Blood Tests: Elevated inflammatory markers (e.g., ESR, CRP) are often present.

Genetic Testing: Confirmation of a mutation in the NLRP3 gene.

Imaging Studies: May be used to assess joint damage or other organ involvement.

Timeline of Symptoms


The onset of symptoms varies depending on the specific CAPS subtype:

FCAS: Symptoms typically begin in infancy or early childhood, often triggered by cold exposure.

MWS: Symptoms usually appear in childhood or adolescence.

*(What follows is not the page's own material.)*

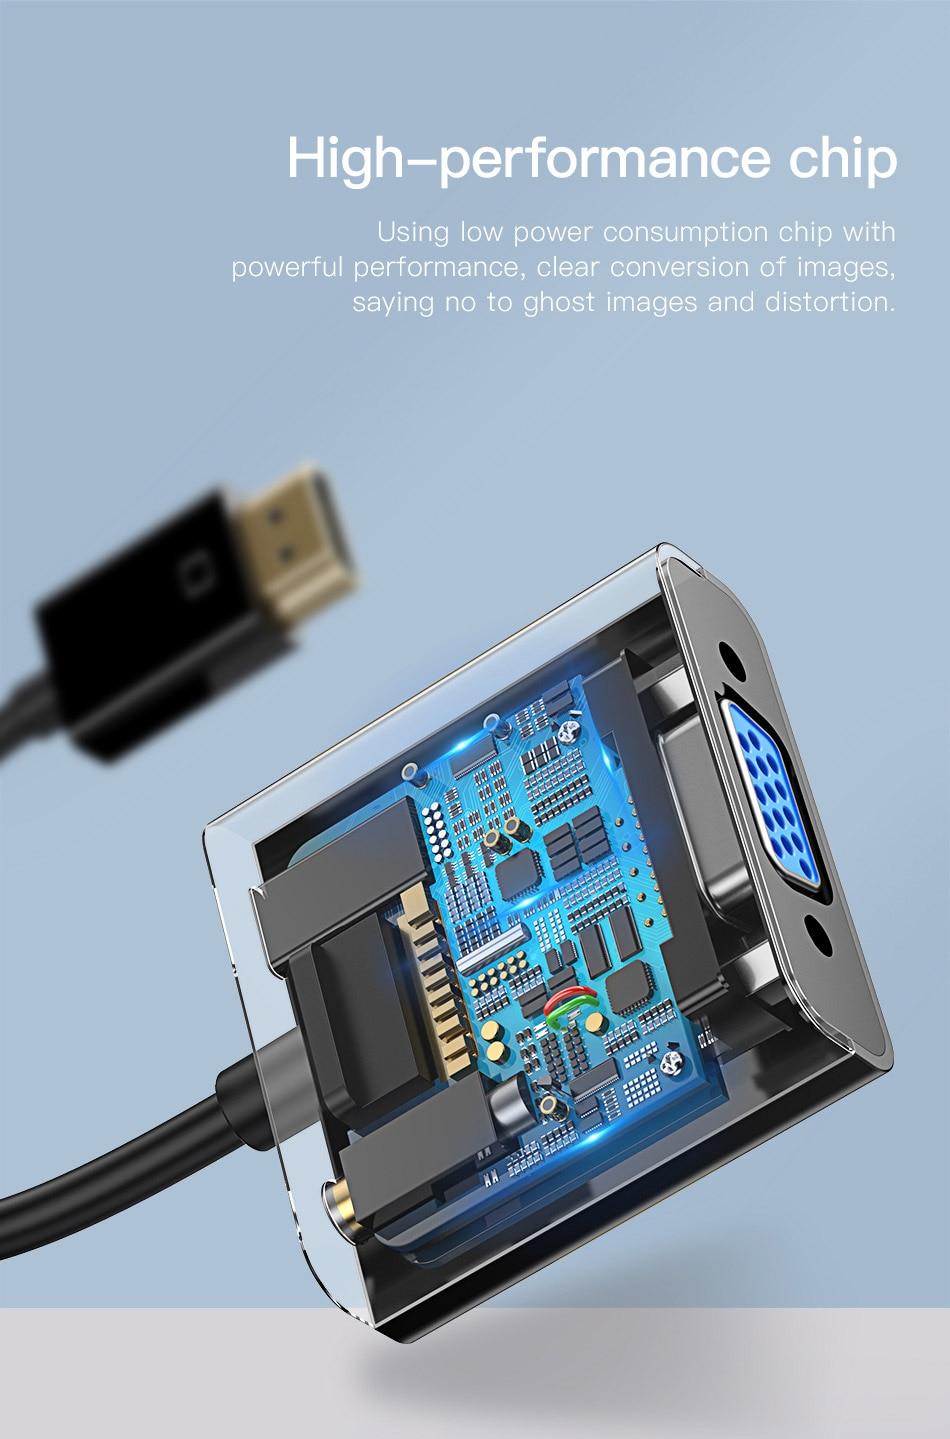 HTB1H3SsmOAnBKNjSZFvq6yTKXXaQ Baseus HDMI to VGA Cable HDMI VGA Adapter Digital HDMI to VGA Jack 3.5 mm Converter Video Aux Audio Splitter For Laptop PS4 TV

CINCA/NOMID: Symptoms are often present from birth or early infancy. The course of the disease is generally chronic, with recurrent episodes of inflammation throughout life if untreated. With appropriate treatment, symptoms can be well-controlled, and the risk of long-term complications can be reduced.

Important Considerations


Early Diagnosis and Treatment: Early diagnosis and initiation of treatment are crucial for preventing long-term complications, such as hearing loss, amyloidosis (abnormal protein deposits in organs), and joint damage.

Multidisciplinary Care: Management of CAPS often requires a multidisciplinary approach involving rheumatologists, geneticists, ophthalmologists, neurologists, and other specialists.

Disease Monitoring: Regular monitoring for complications, such as hearing loss and kidney problems, is essential.

Personalized Treatment: Treatment plans should be individualized based on the severity of the disease and the individual's response to therapy.

Quality of Life: Effective management of CAPS can significantly improve the quality of life for affected individuals.